▸ **RECORDED DATA**
_ _ _

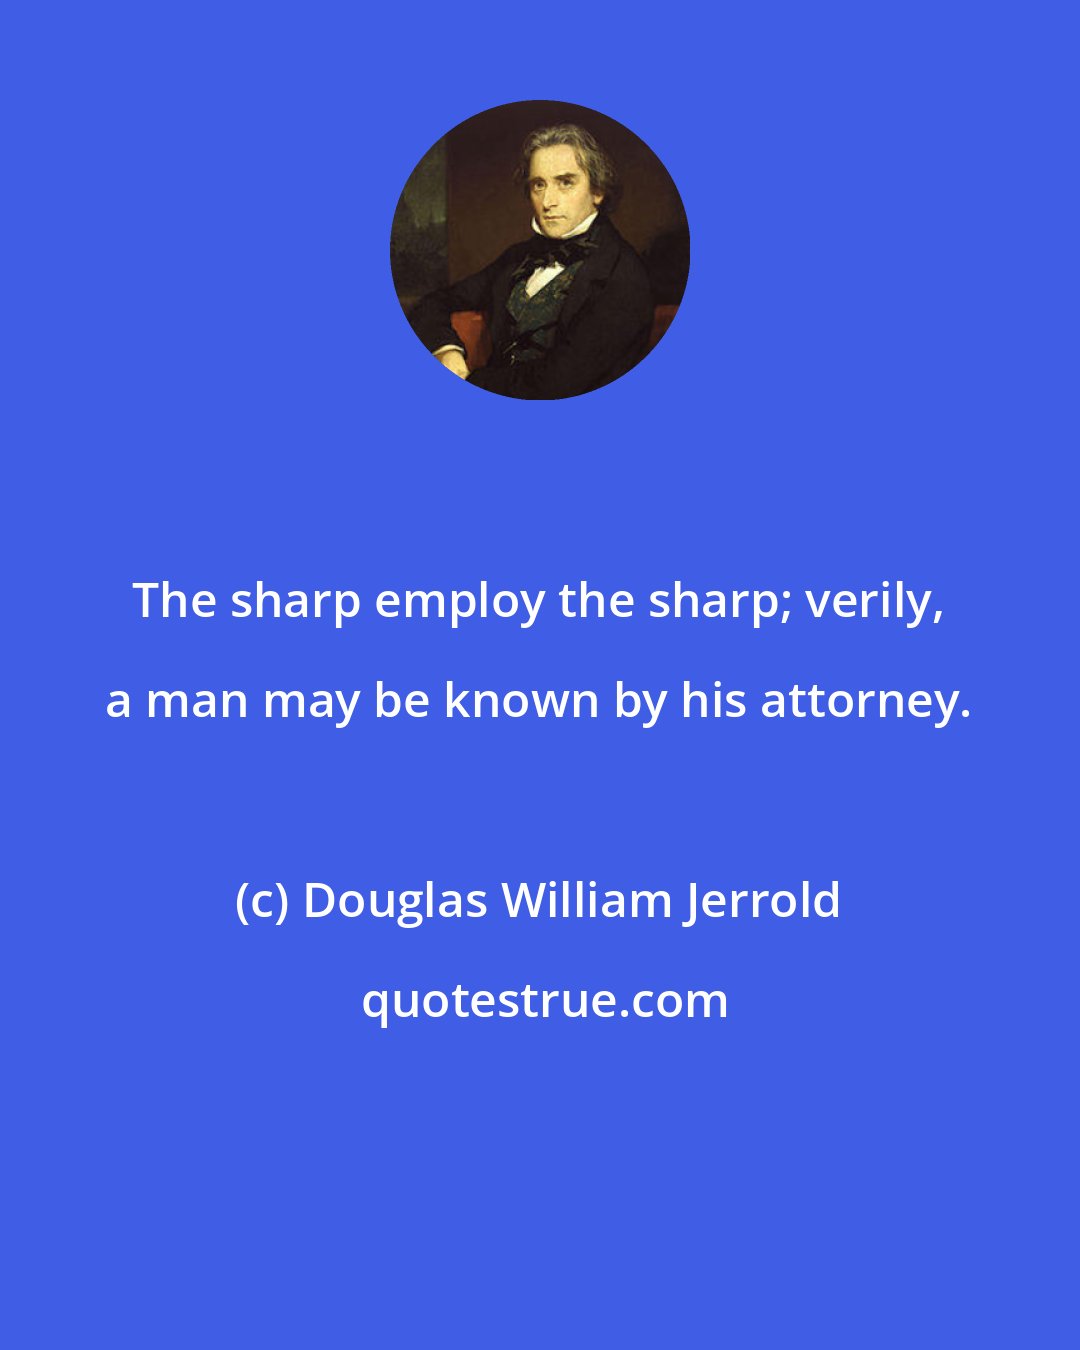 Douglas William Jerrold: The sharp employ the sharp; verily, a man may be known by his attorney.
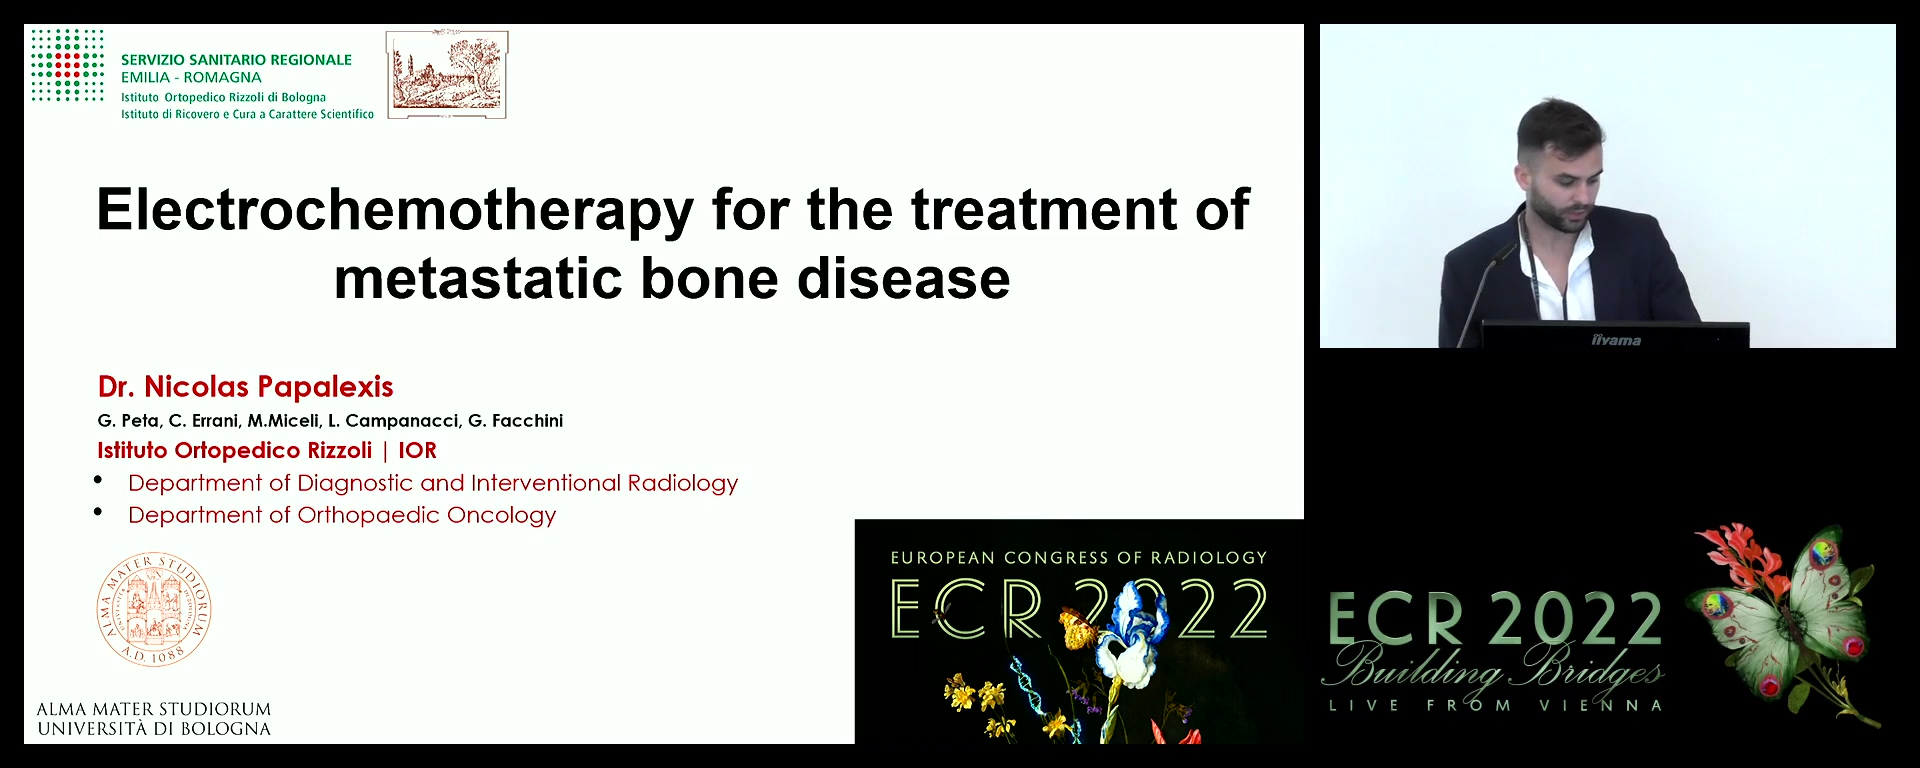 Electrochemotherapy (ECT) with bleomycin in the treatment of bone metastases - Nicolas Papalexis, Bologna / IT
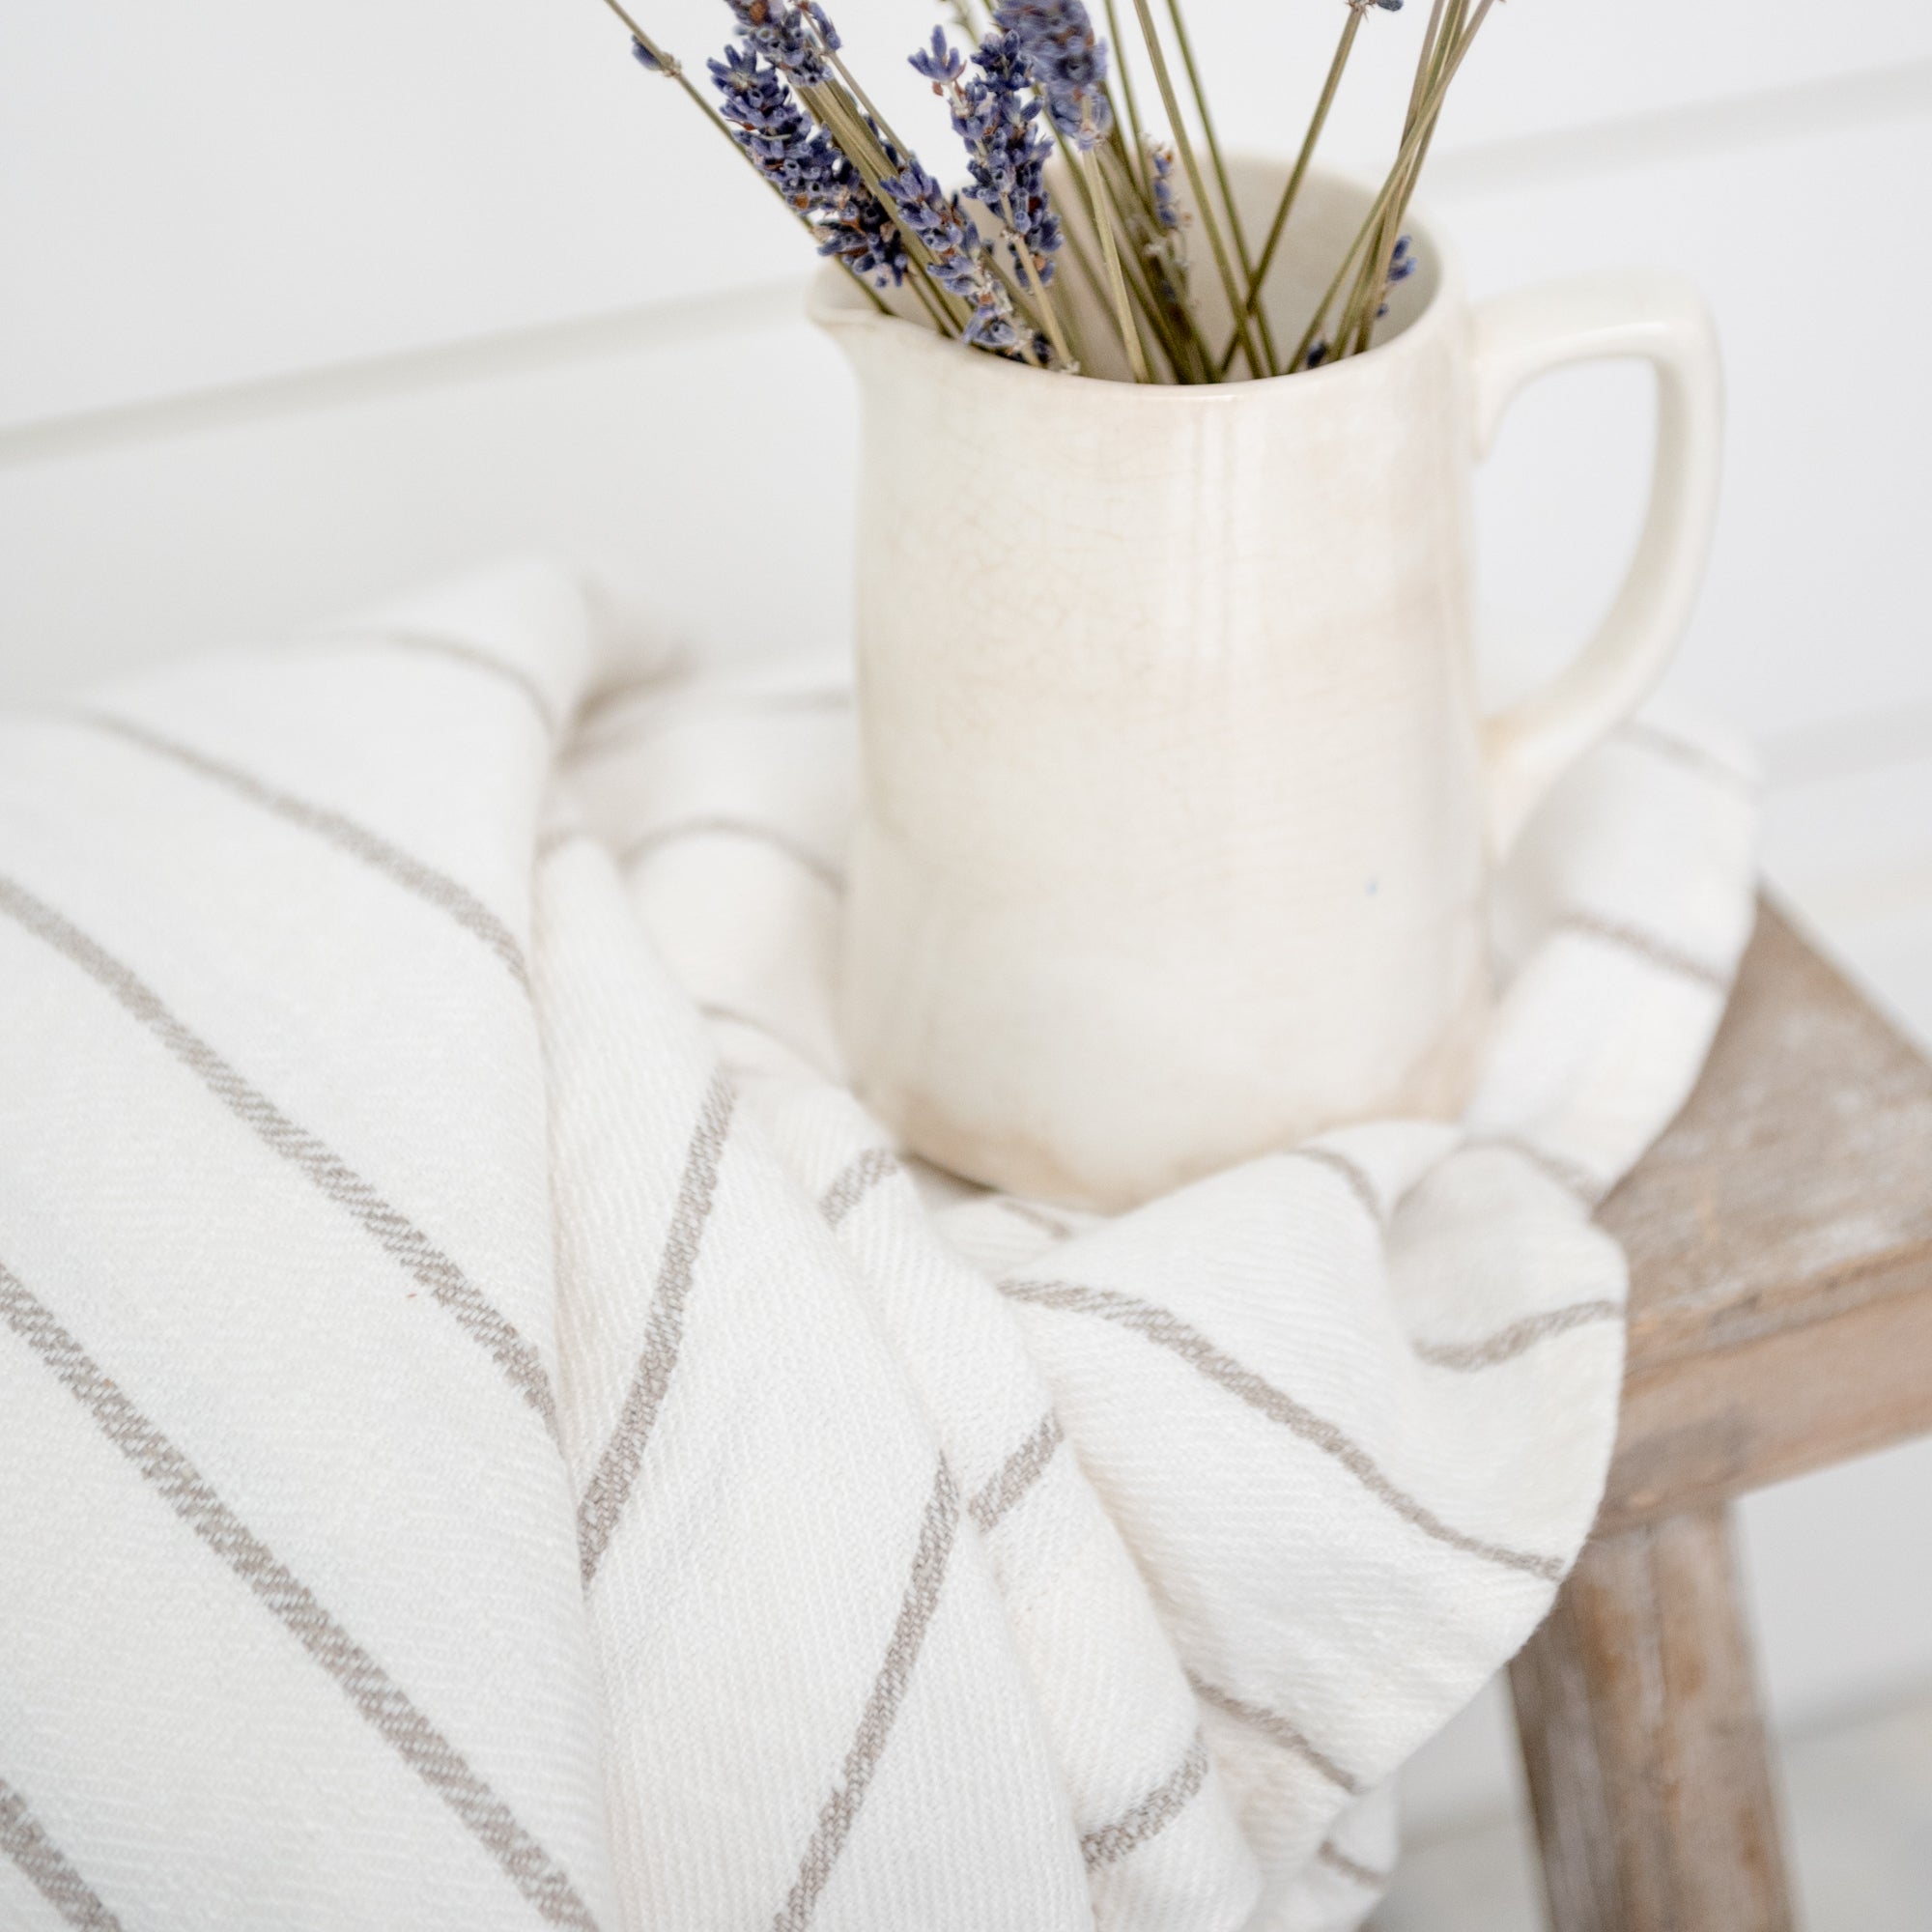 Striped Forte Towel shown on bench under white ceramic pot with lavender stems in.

_ _ _

▸ **WHAT YOU HAVE TO DO**
A word-for-word copy of the data, without its pictures, is what is needed.

▸ **YOUR SOLUTION**
 Douglas William Jerrold: The sharp employ the sharp; verily, a man may be known by his attorney.
 Electrochemotherapy (ECT) with bleomycin in the treatment of bone metastases - Nicolas Papalexis, Bologna / IT
 Striped Forte Towel shown on bench under white ceramic pot with lavender stems in.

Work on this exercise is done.